La organización tradicional se fundamentan en las teorías de Adam
Smith desde el siglo XVIII con su teoría de la División del trabajo, y
de la Escuela Taylorista con sus principios de administración científica
a inicios del siglo actual, los cuales durante mucho tiempo han
establecido los lineamientos para organizar y administrar a las personas
y por ende a las empresas.
Dichos fundamentos radican en la división o fragmentación de las tareas
para que las personas pudieran aprenderlas con rapidez y realizarlas con
mayor sencillez y seguridad.
Aunque la división del trabajo surgió para organizar a los obreros que
trabajaban en las fábricas, la teoría se extendió hacía todos los
diferentes tipos de negocio.
En la época de la revolución industrial muchas de las tareas realizadas
por personas fueron substituidas por máquinas y se inició la
organización de fábricas que generaron nuevas formas de producir bienes
en forma masiva, incrementando los niveles de producción, lo cual obligó
a idear nuevas formas de organización y crear dentro de ellas la
estructura adecuada para administrarla.
Bajo estos lineamientos, cada uno de los departamentos y/o puestos de
trabajo es responsable de llevar a cabo parcialmente los objetivos de la
organización, sin embargo en aquellas empresas en las que su estructura
organizacional es bastante amplia y compleja la responsabilidad se
diluye porque muchas veces es difícil llegar a determinar las fronteras
de responsabilidad entre los involucrados.
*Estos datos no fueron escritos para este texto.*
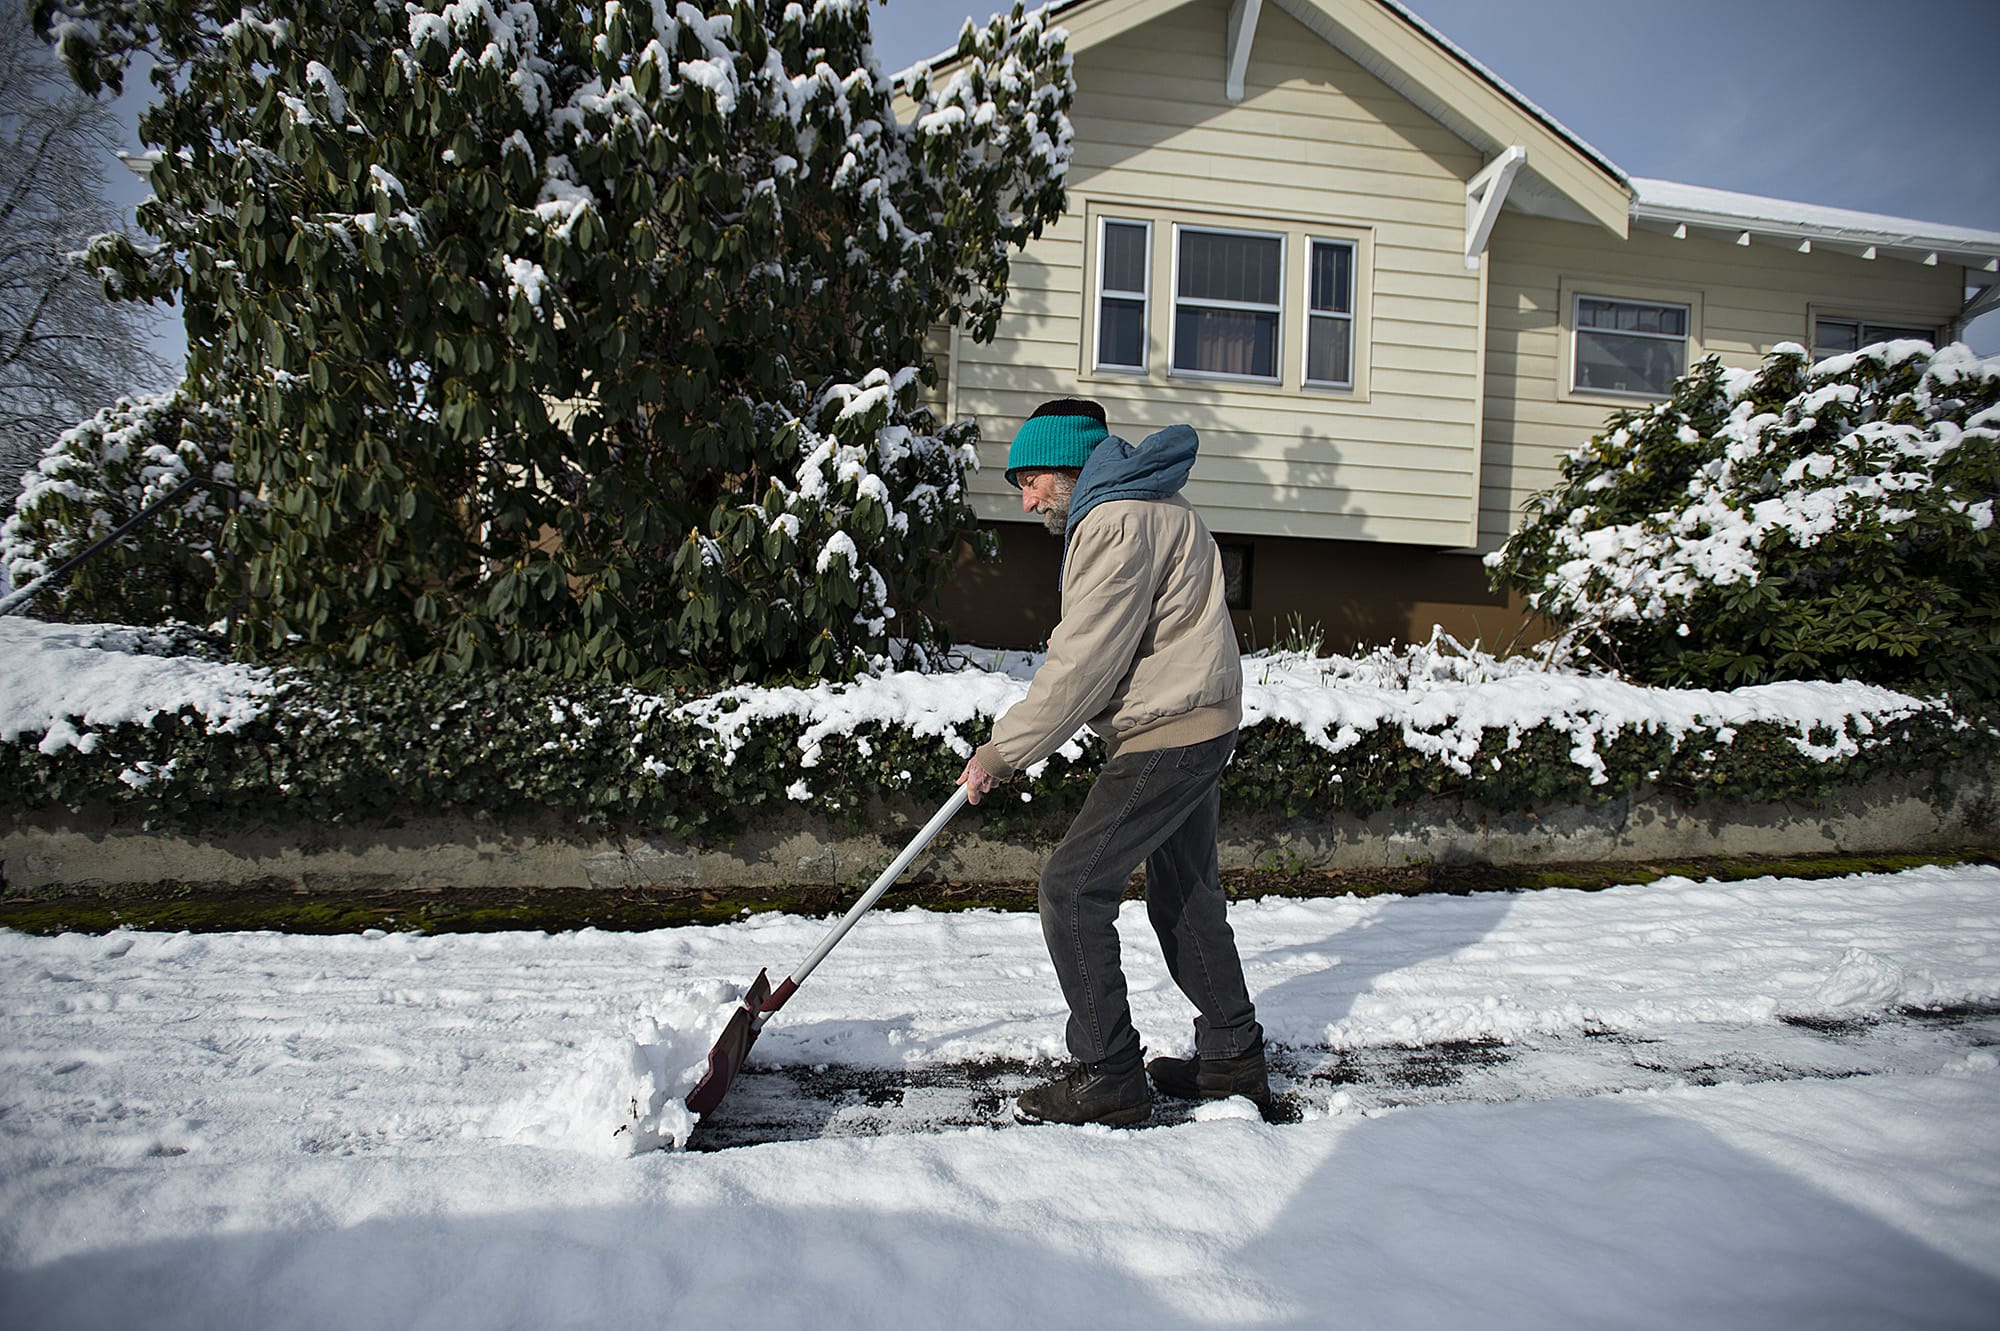 John Lemley of Vancouver lends a kind hand to a neighbor as he shovels a sidewalk in the Lincoln neighborhood Wednesday morning, Feb. 21, 2018.

La relación y dependencia que existe entre los departamentos y/o puestos
de trabajo que ejecutan las actividades que integran los procesos crea
especialización en personas pues mientras existan funciones específicas
se contratará al personal en base al perfil para realizar esas funciones
y se le capacitará solamente en aquellos aspectos que tengan relación
con las funciones que realizará. Sin duda alguna esto fomenta la
especialización del trabajo y la forma normal de organizarse.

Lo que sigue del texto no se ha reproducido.